Some details on the main events of the past month.

api.rehtumb.com performance issues
  • Our main API servers received a Spectre and Meltdown update but after the reboot the performance was 10x worse. This cause notorious issues with the handling of the requests and we had to move the servers to new hardware. We changed some of the servers to a new provider in order to avoid having all the servers on the same location.

  • Note: the slow performance is not directly related with the patch. Other machines also received the update and didn’t suffer any impact.

dashboard.rethumb.com down for 03hr 15min
  • Our dashboard suffered a major impact during the migration issues that we had in the past month. During the migration described above we also moved our dashboard to new hardware and a new location. The 3h downtime was mainly due to the poor CPU performance after the patch.

Final Notes

  • Some of our machines are now running in Europe instead of NY. This won’t have any major impact on our final users.

  • Our monitor on the api.rethumb.com is hitting the CloudFlare cache. We will add new monitors with statistics from our own servers without the cache in front.

Outage 14/Feb/2018

At the moment rethumb is having some performance issues, this is being addressed with our VPN provider.

The root cause is related with software upgrades to mitigate the Meltdown and Spectre issues.

Updates

17/Feb/2018

We have decided to start migrating our infrastructure to new providers.

18/Feb/2018

First phase of the infrastructure migration in now done. We will continue to work to migrate the remaining machines.

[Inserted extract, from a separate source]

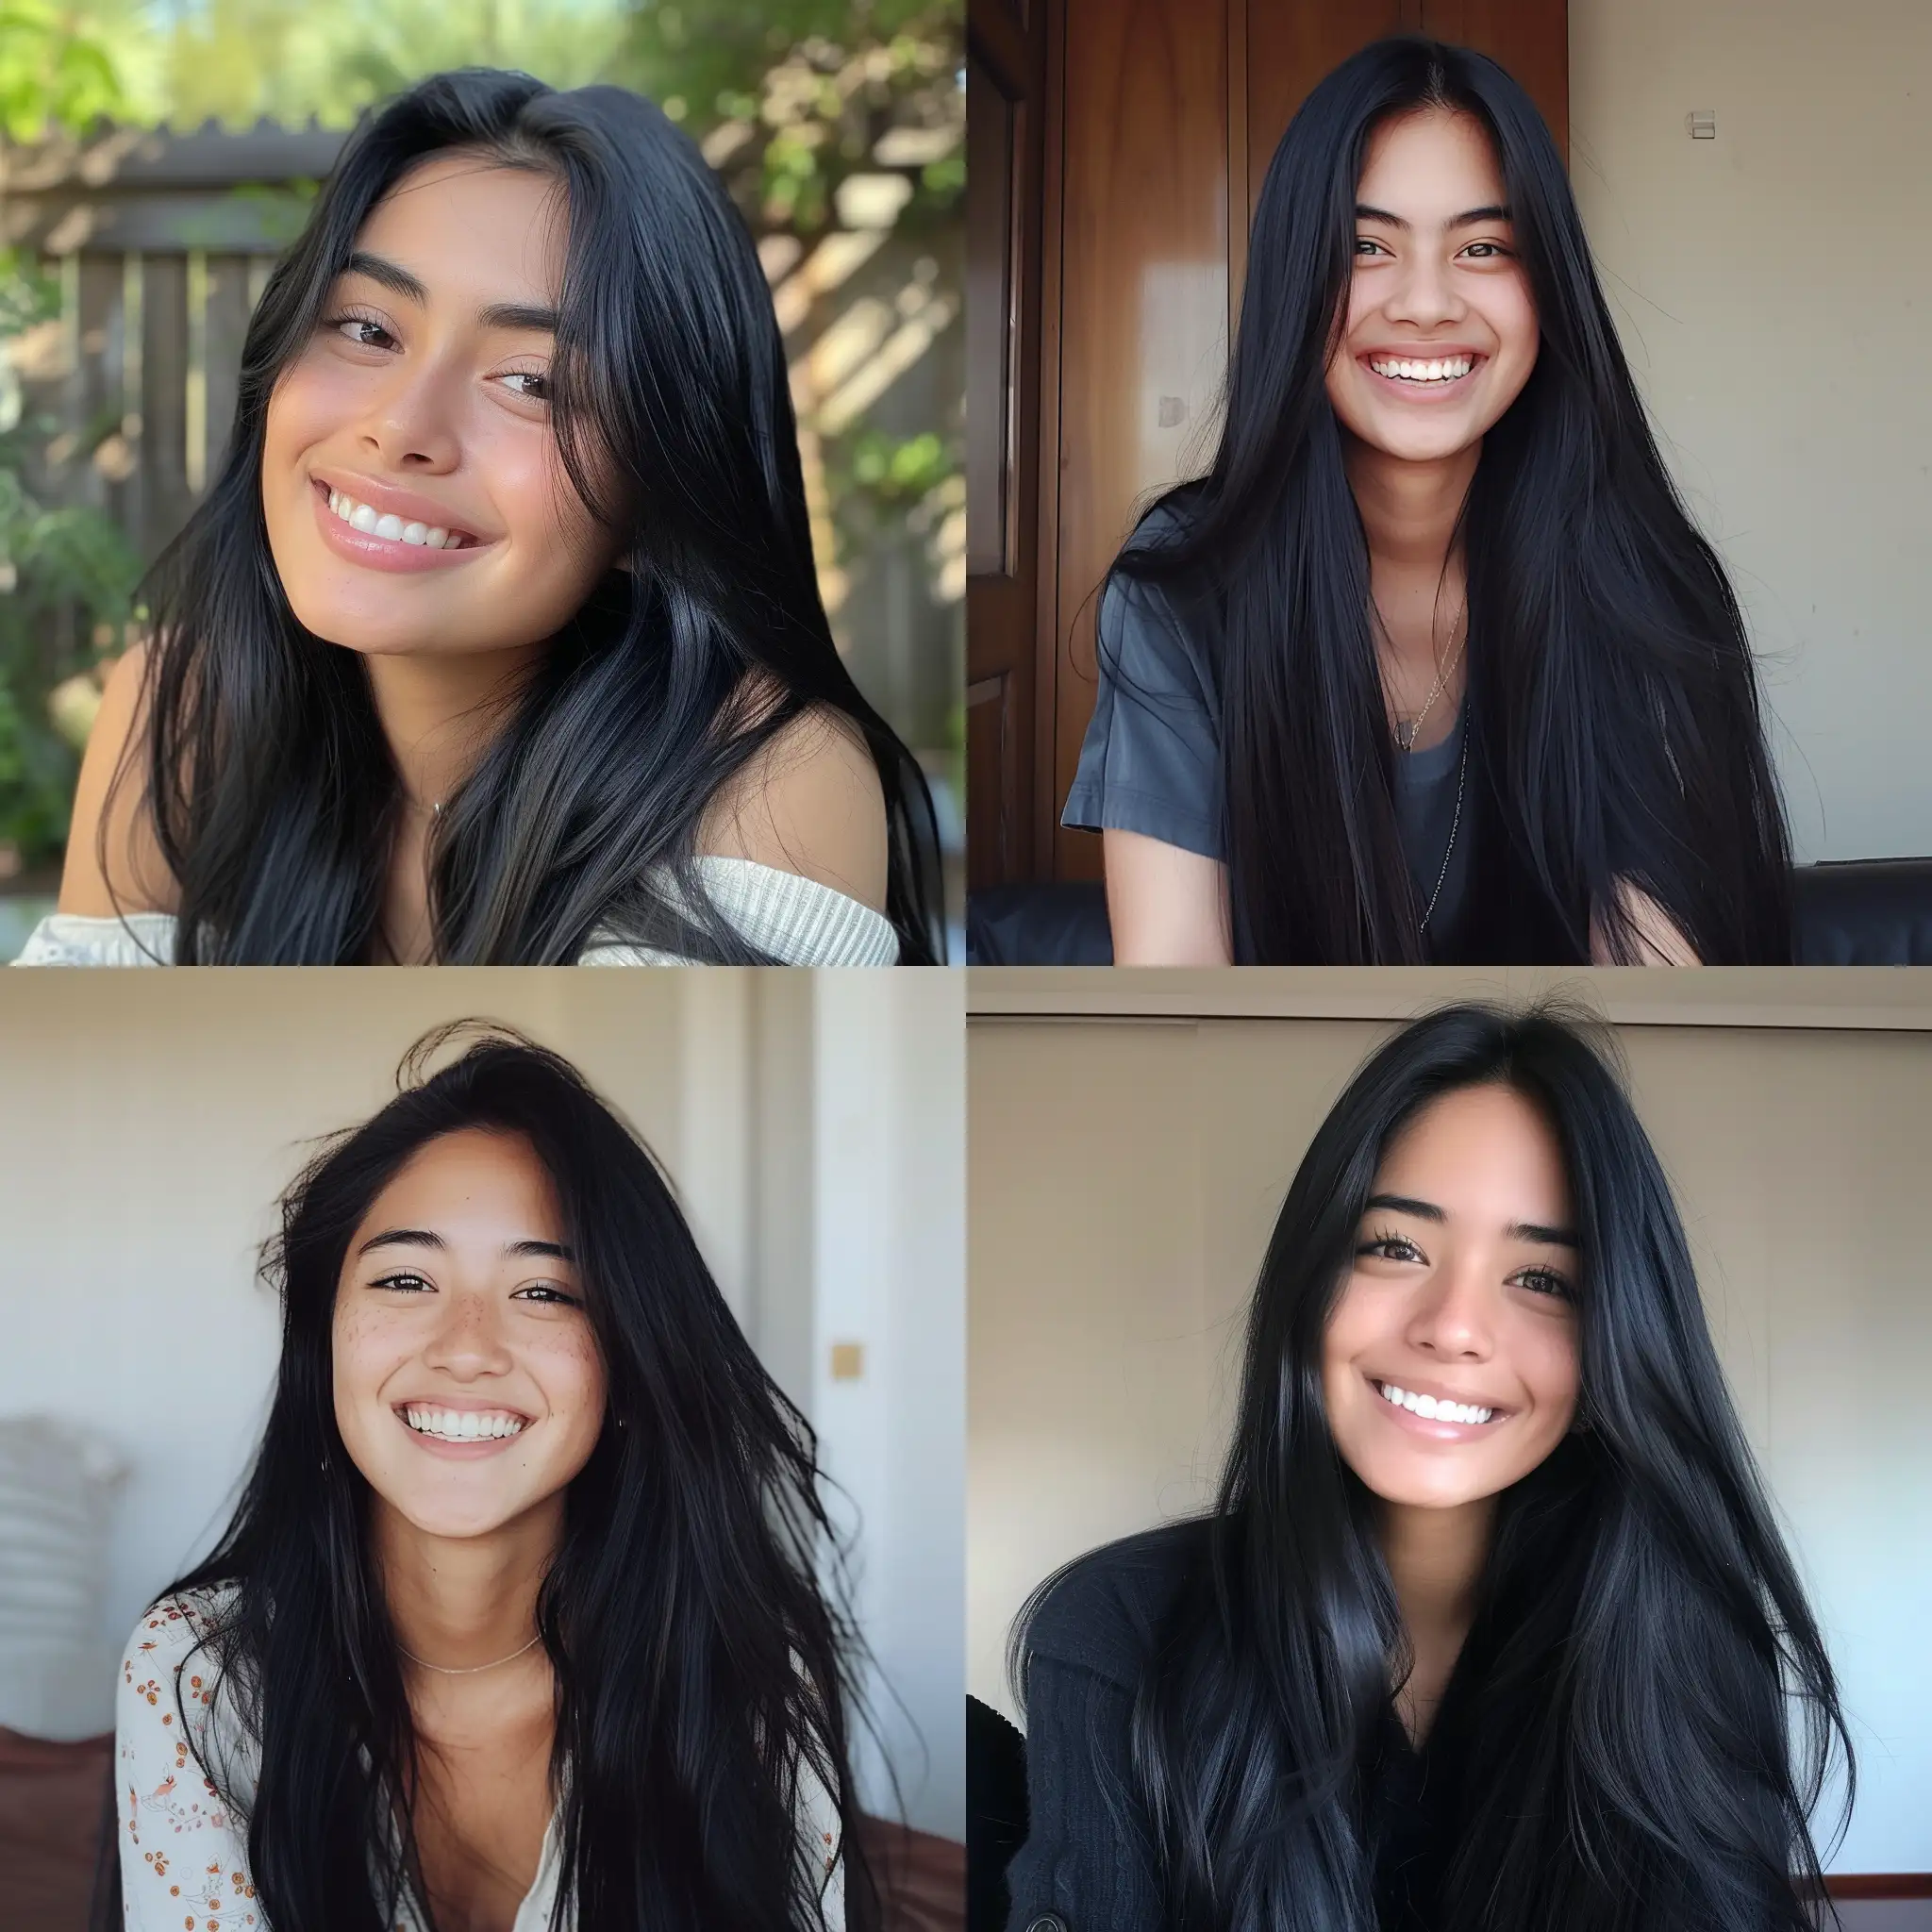 Smiling-Girl-with-Long-Black-Hair-Aesthetic-Instagram-Portrait

We expect to have the migration done later today. Until then it is expected to have some slow down when processing new images.

19/Feb/2018

Our infrastructure migration is now complete and the system is stable.

After this episode we will take some measures to prevent these issues in the future.

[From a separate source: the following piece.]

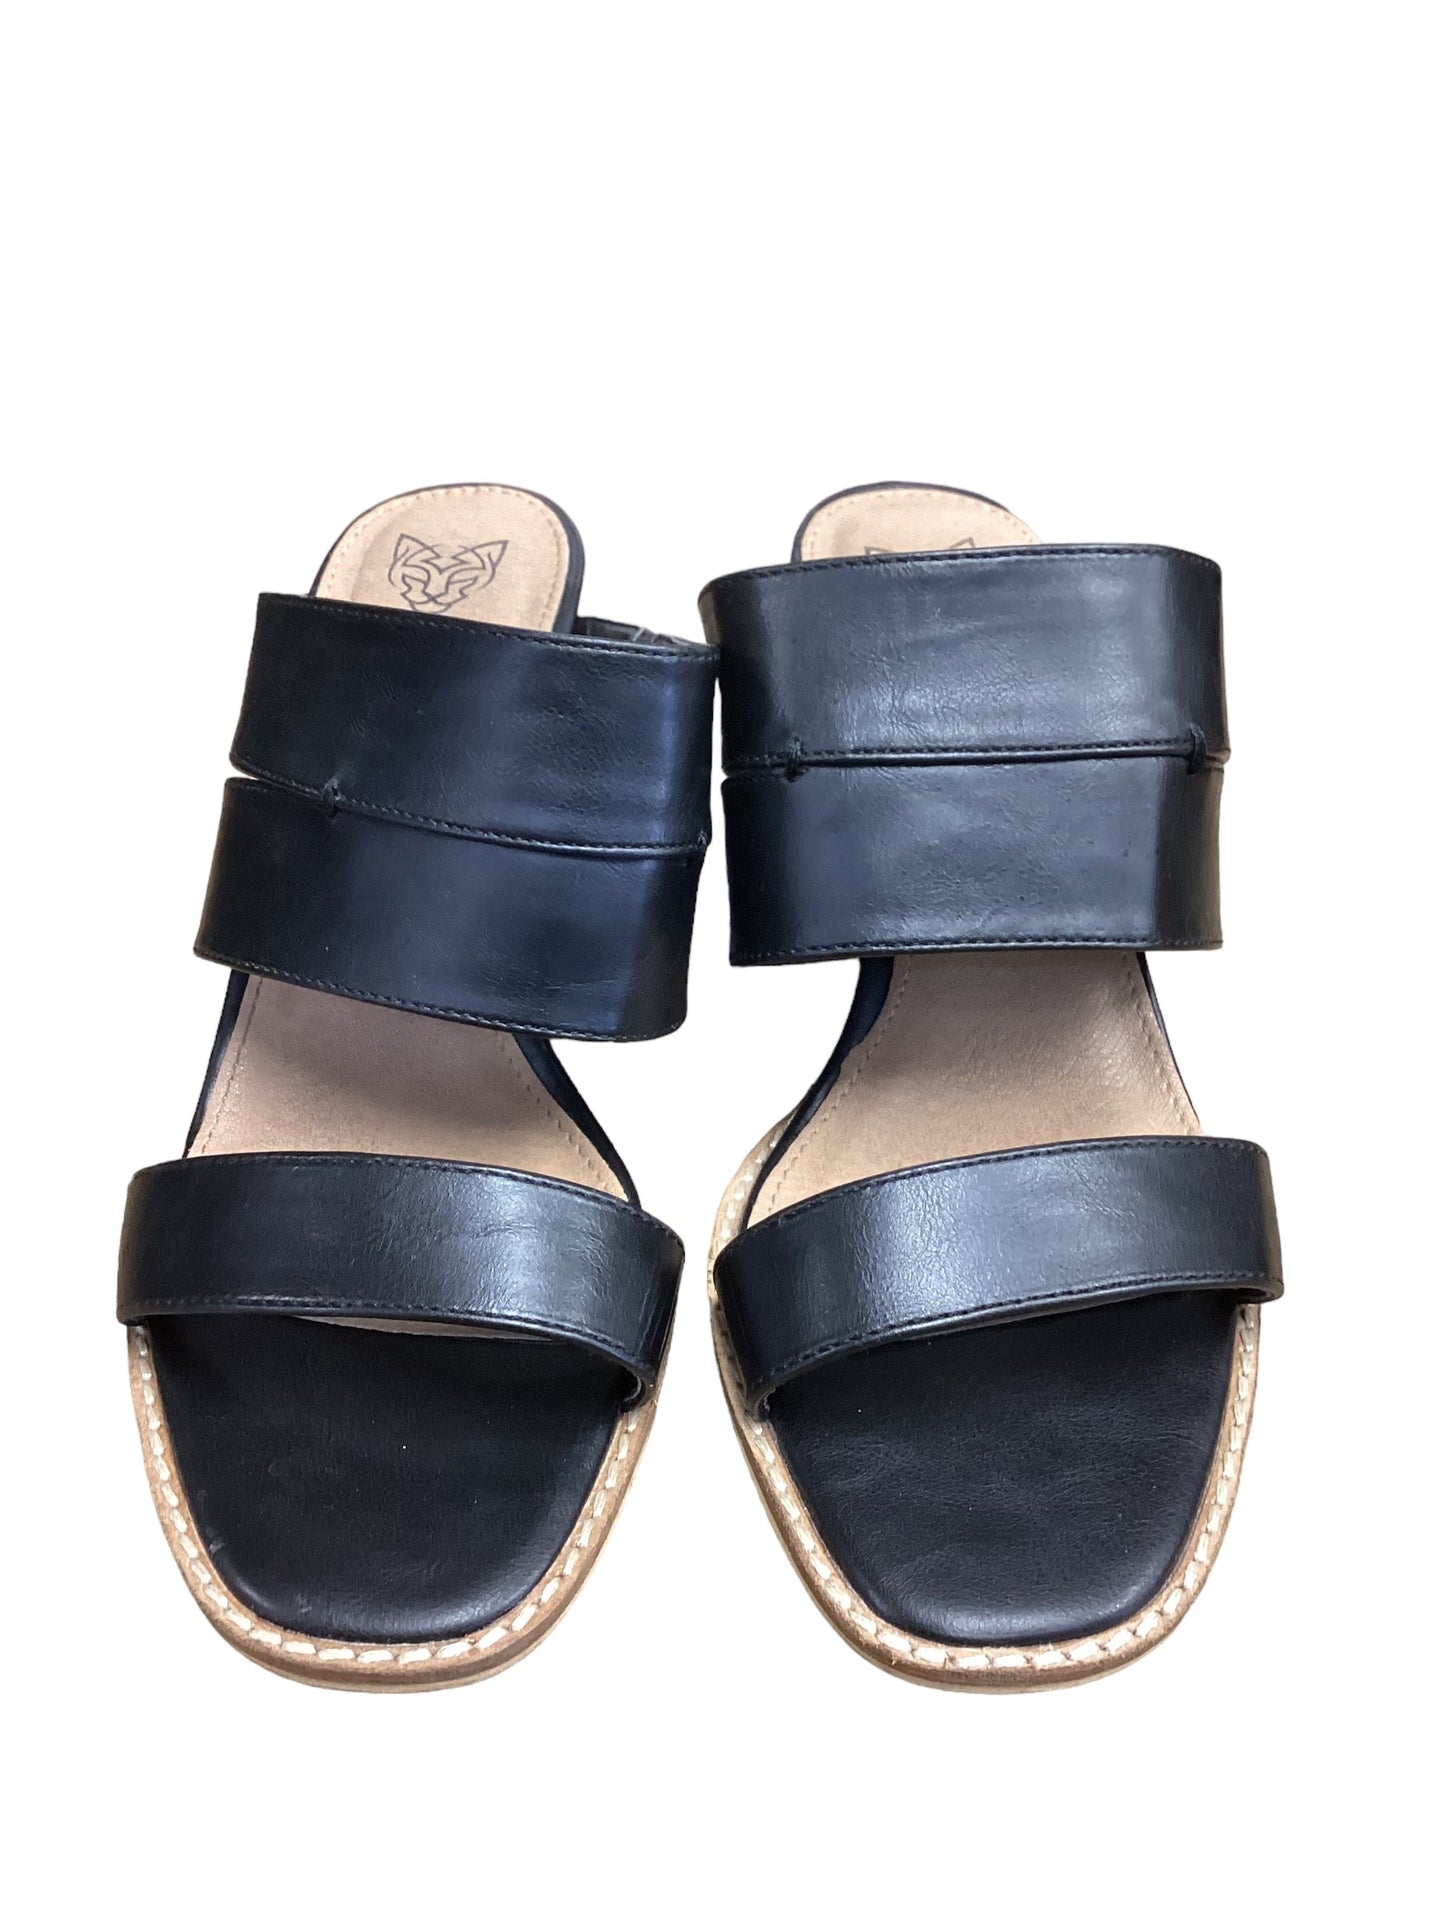 Black Shoes Heels Block Clothes Mentor, Size 8

We will also take some additional measures such as:

  • Create a public dashboard with current service status.
  • Use our Twitter account to publish details about outages.
  • Use our blog to report outages and on-going efforts to mitigate them.

Release v66

Starting today we will have a new post on every new release of a new API version. These posts aim to share internal changes, bugfixes and new features with each new release of rethumb.

Relase: v66
Date: 06/Feb/2018


#1 Bugfix

Fixed the fallback to original image when the system can’t process the user request and had to send back the original image instead of a processed one.

To configure the timeout behabiour users can access the “Source section > Timeout Action” in the Dashboard.